## MATERIAL SHOWN

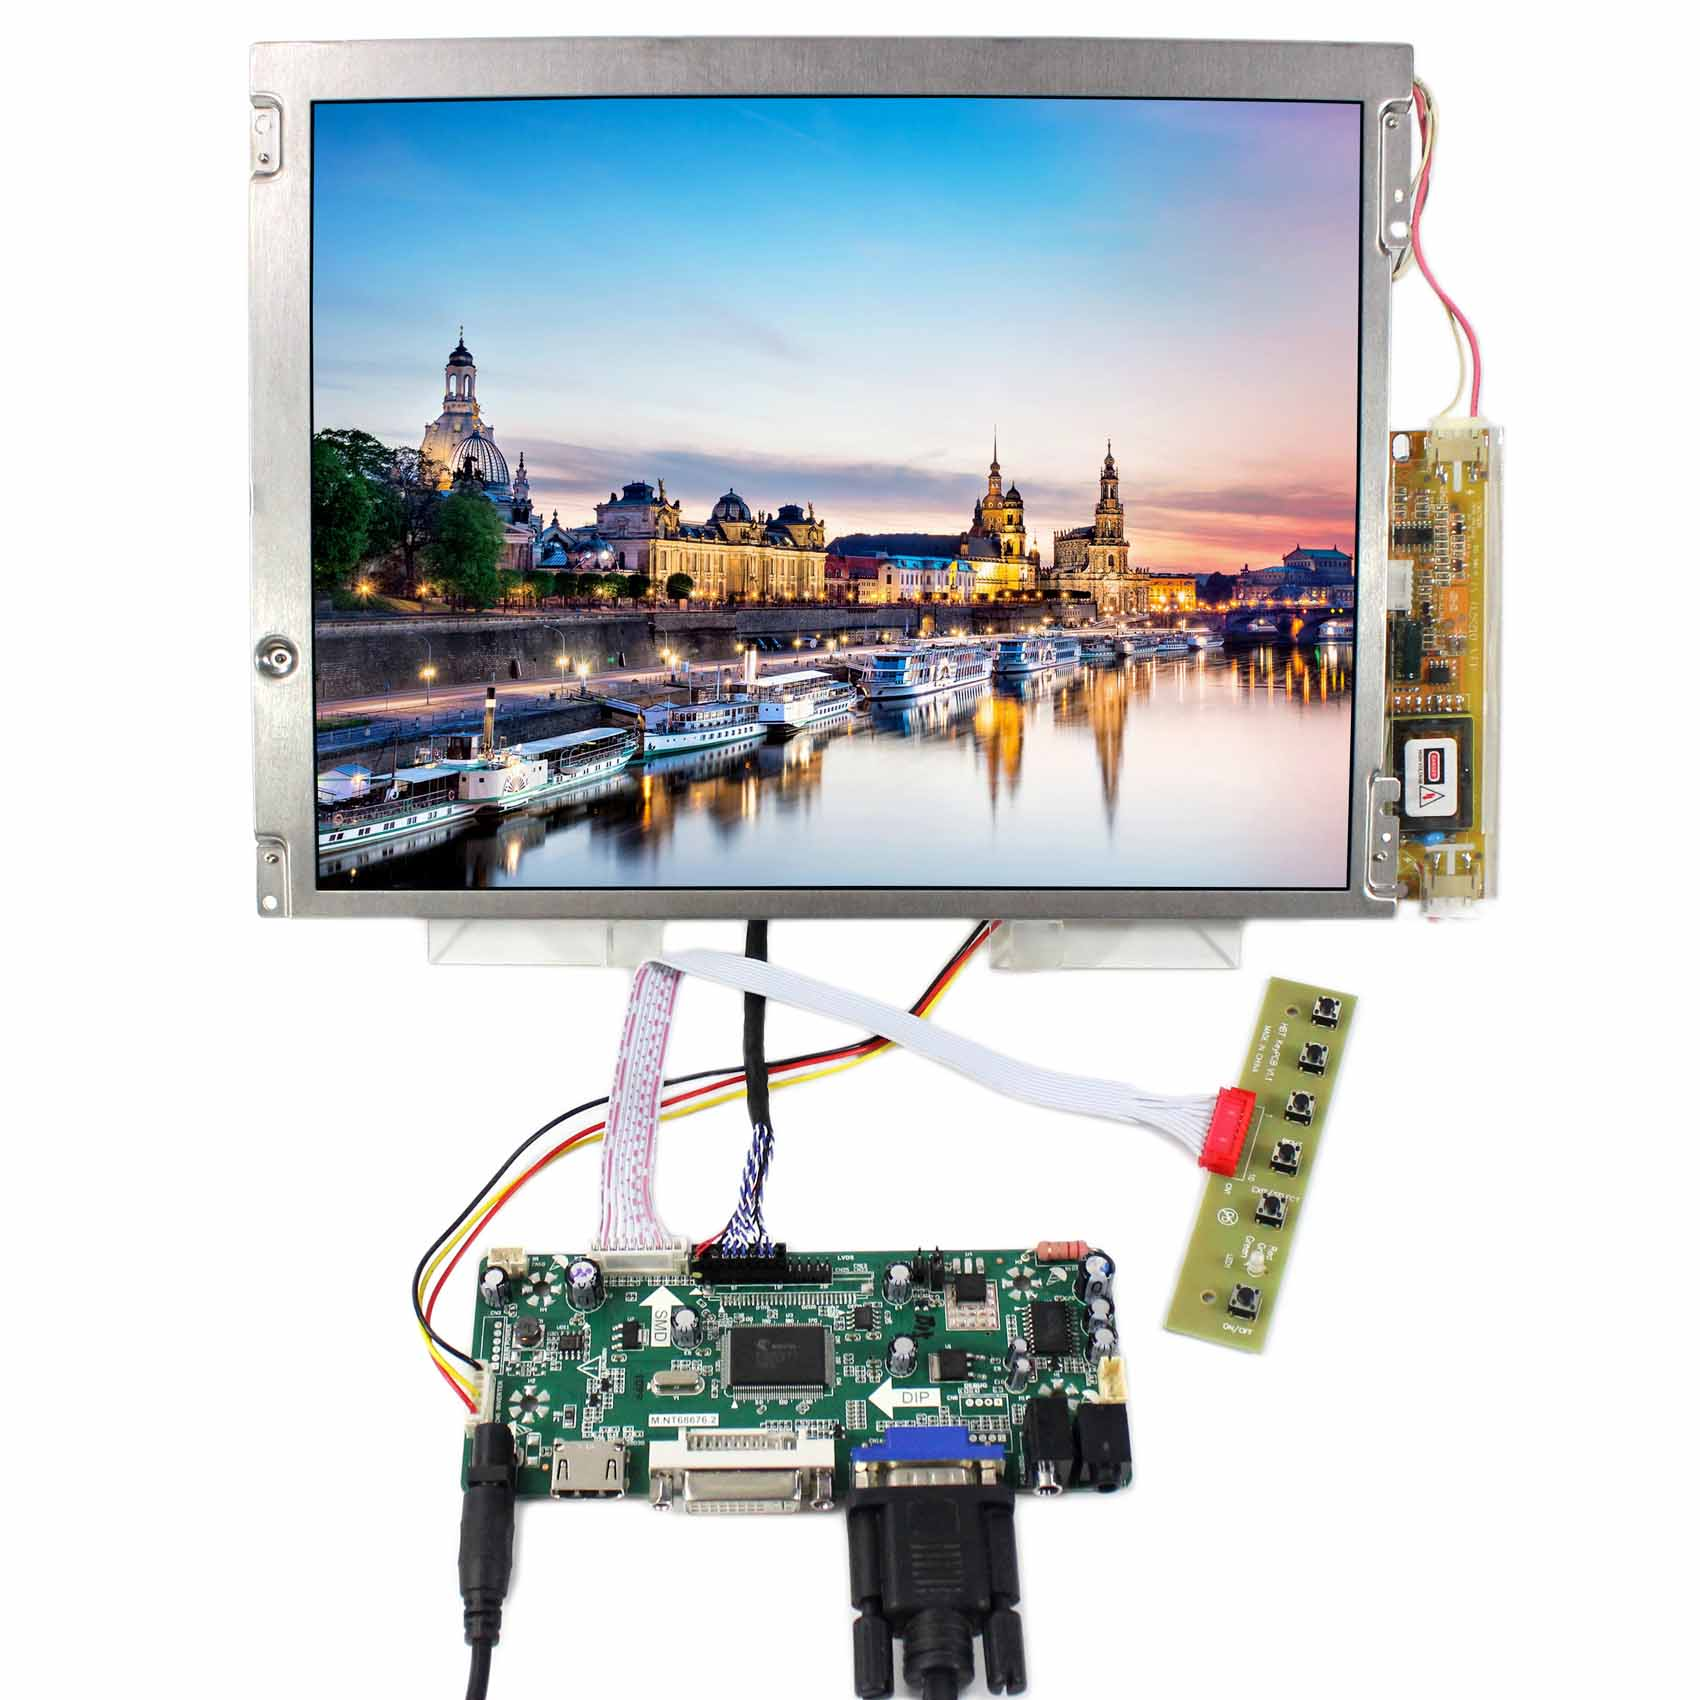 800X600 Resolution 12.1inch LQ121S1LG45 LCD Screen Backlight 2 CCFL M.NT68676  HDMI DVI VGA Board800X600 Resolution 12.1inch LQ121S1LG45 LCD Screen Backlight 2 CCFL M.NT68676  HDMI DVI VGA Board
* * *
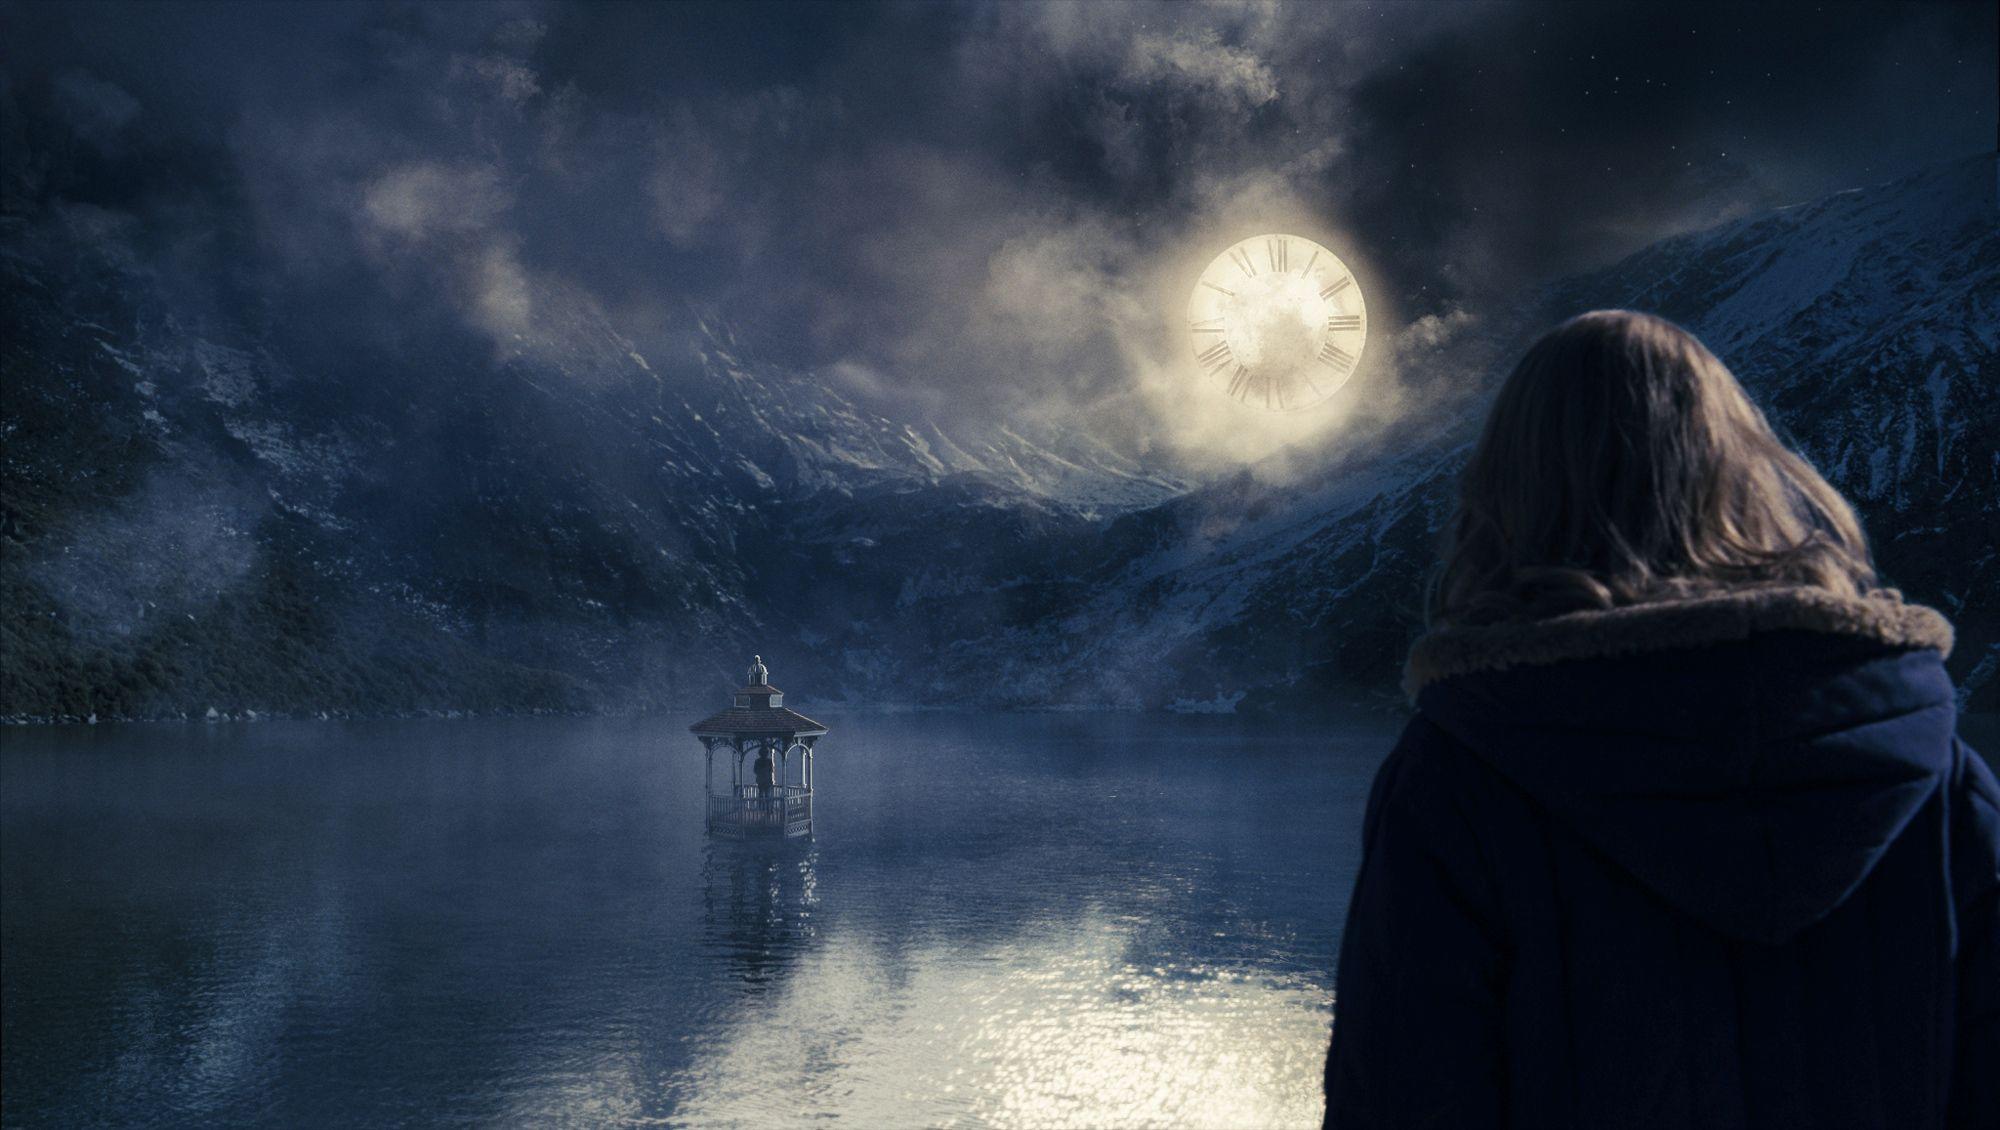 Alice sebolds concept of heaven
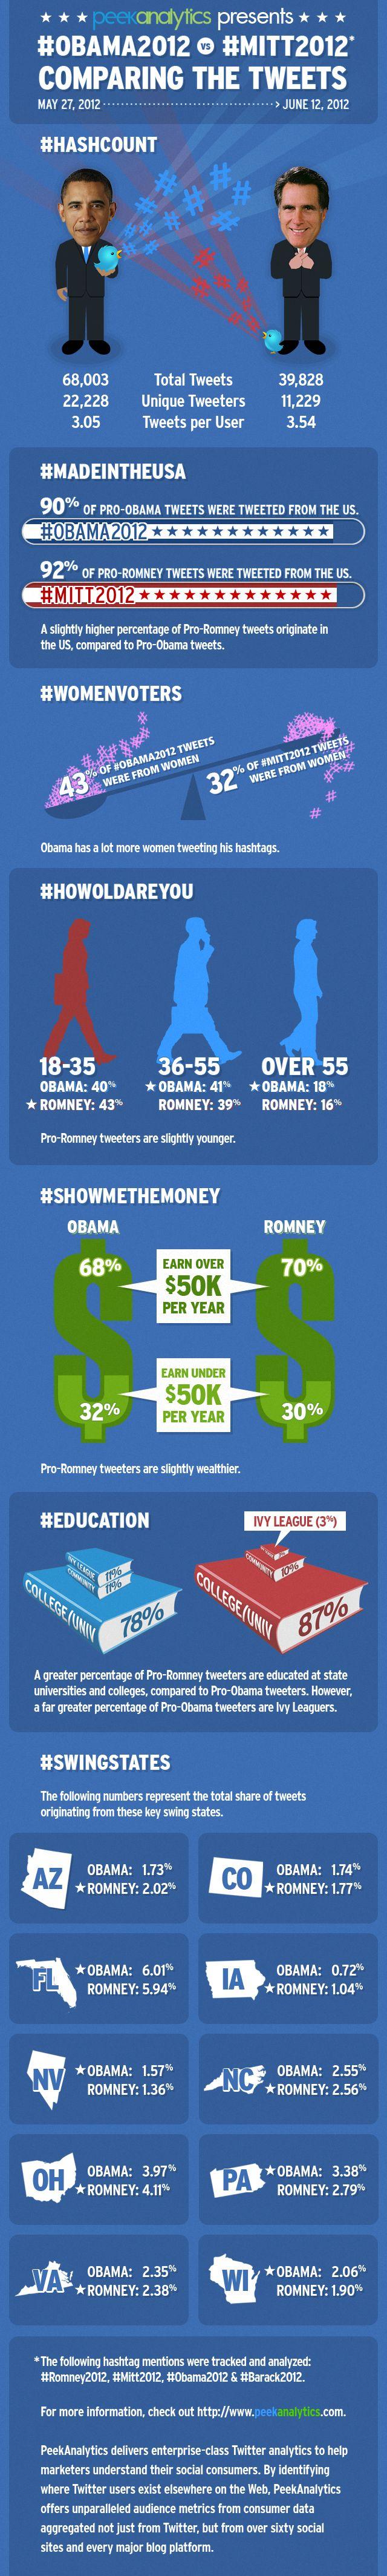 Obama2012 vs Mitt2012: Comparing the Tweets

## WHAT NEEDS TO BE DONE
Copy the lines above exactly, starting at the one with "Alice sebolds concept of heaven" and ending at the one with "Obama2012 vs Mitt2012: Comparing the Tweets", both included. Leave out any pictures and add nothing else.

## RESPONSE TO THIS TASK
 Alice sebolds concept of heaven
 Obama2012 vs Mitt2012: Comparing the Tweets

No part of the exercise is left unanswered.